The court opted not to hear potentially bigger fights over libel law, government eminent-domain power and the intersection of religious rights and gay marriage.
In the just-completed term, conservative fragmentation led to a slew of unusual vote alignments, most notably in the Affordable Care Act case. Four conservatives -- Roberts, Kavanaugh, Barrett and Justice Clarence Thomas -- joined a majority opinion that said the law’s challengers hadn’t suffered any injury that would let them sue. Thomas signed on even though he had backed two previous challenges to core parts of the law, also known as Obamacare.
“Although this court has erred twice before in cases involving the Affordable Care Act, it does not err today,” Thomas wrote.
Administrative State
The court’s six Republican appointees didn’t go as far as they might have in other cases, including two that tested the administrative state that many conservatives abhor.

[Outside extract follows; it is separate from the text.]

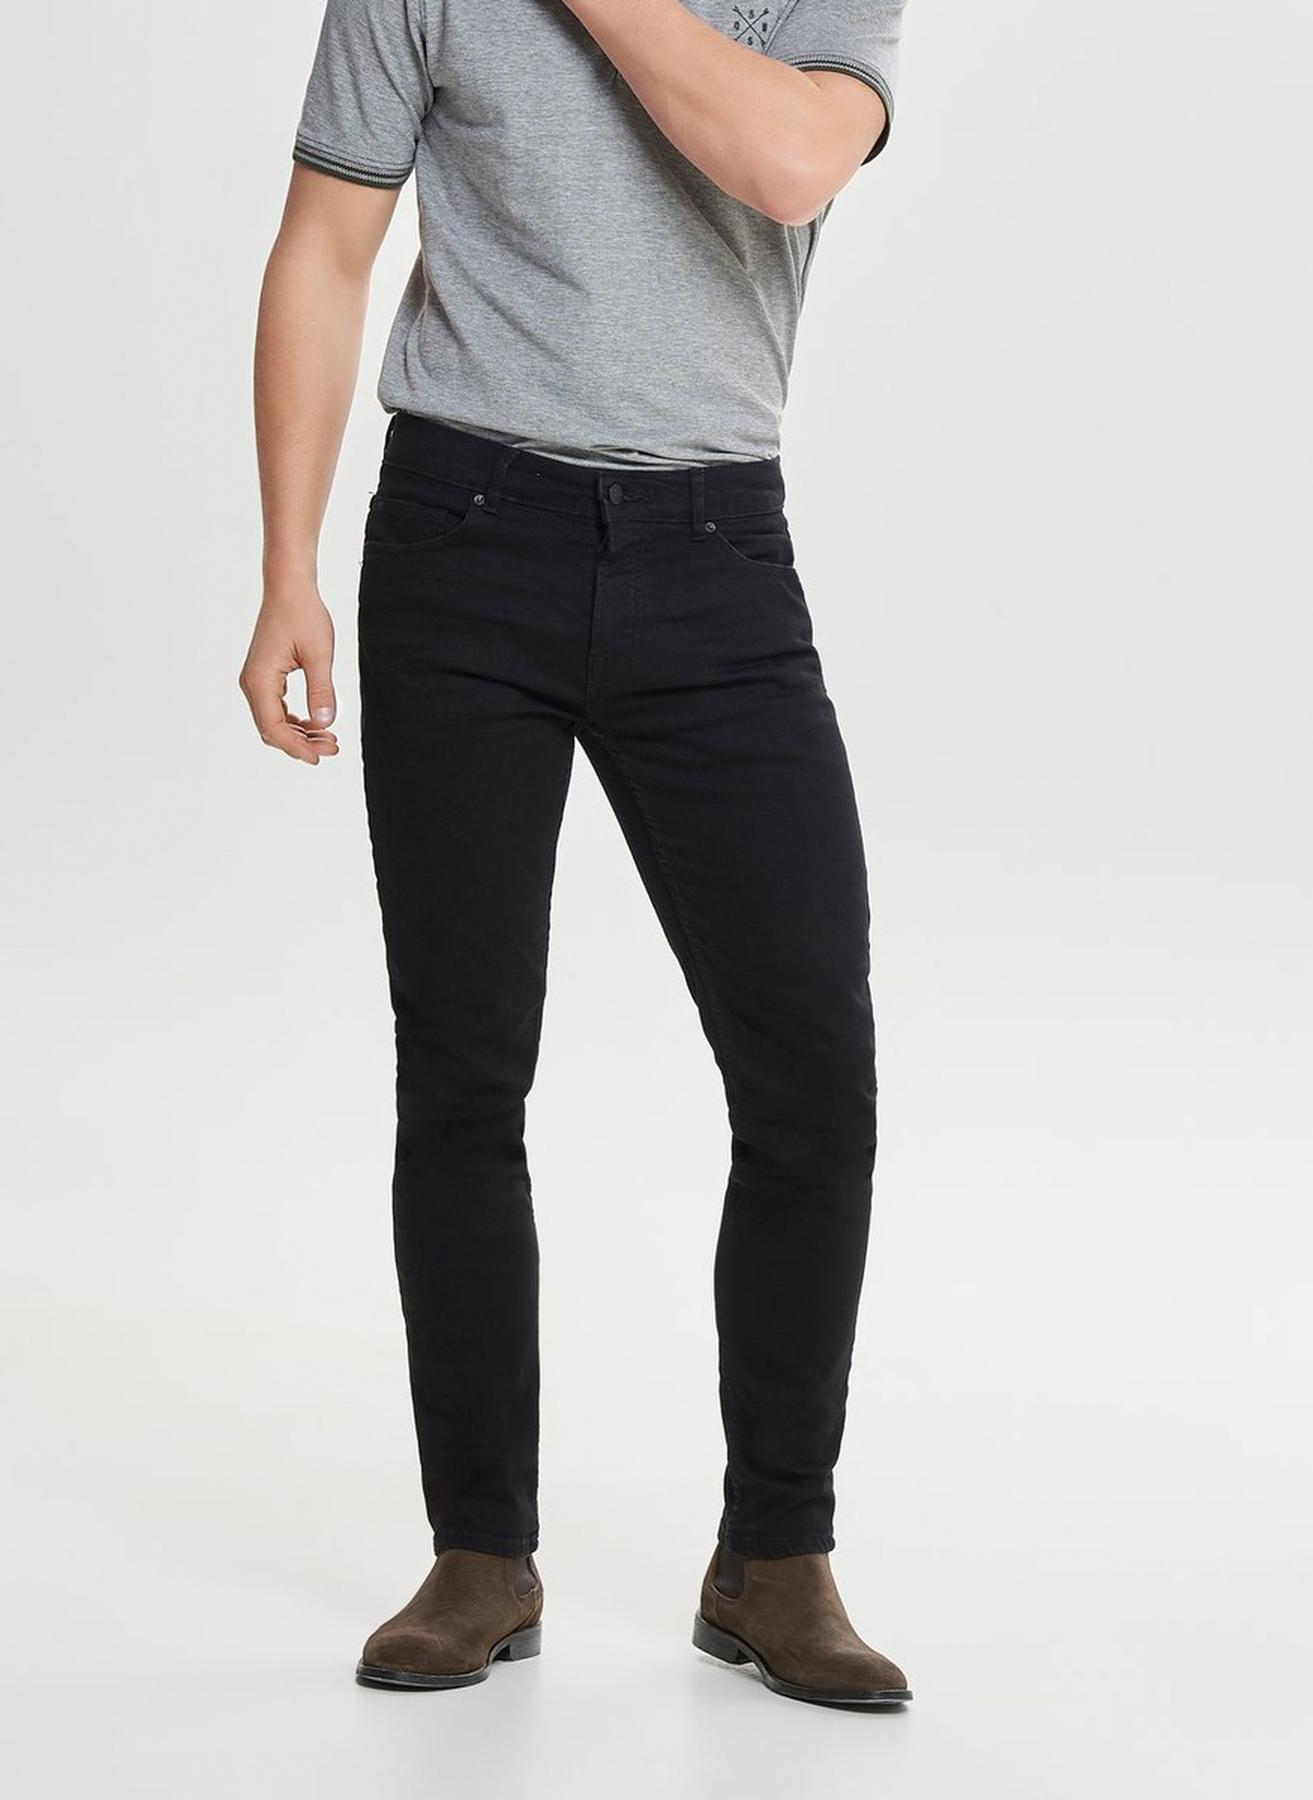 Only & Sons Siyah Denim Pantolon 28-30 5002326722001 Ürün Resmi

In one, the court gave what might prove to be a hollow victory to Fannie Mae and Freddie Mac shareholders who sued to recover more than $100 billion in profits collected by the federal government.
The court agreed with the shareholders that the director of the Federal Housing Finance Agency, which signed off on the so-called profit sweep in 2012, was unconstitutionally insulated from being fired by the president.
But the court said it could fix the constitutional problem by eliminating the FHFA director’s job protections and didn’t need to toss out the profit sweep. The investors came away with only a chance to go back to a lower court and seek a small portion of the disputed payments.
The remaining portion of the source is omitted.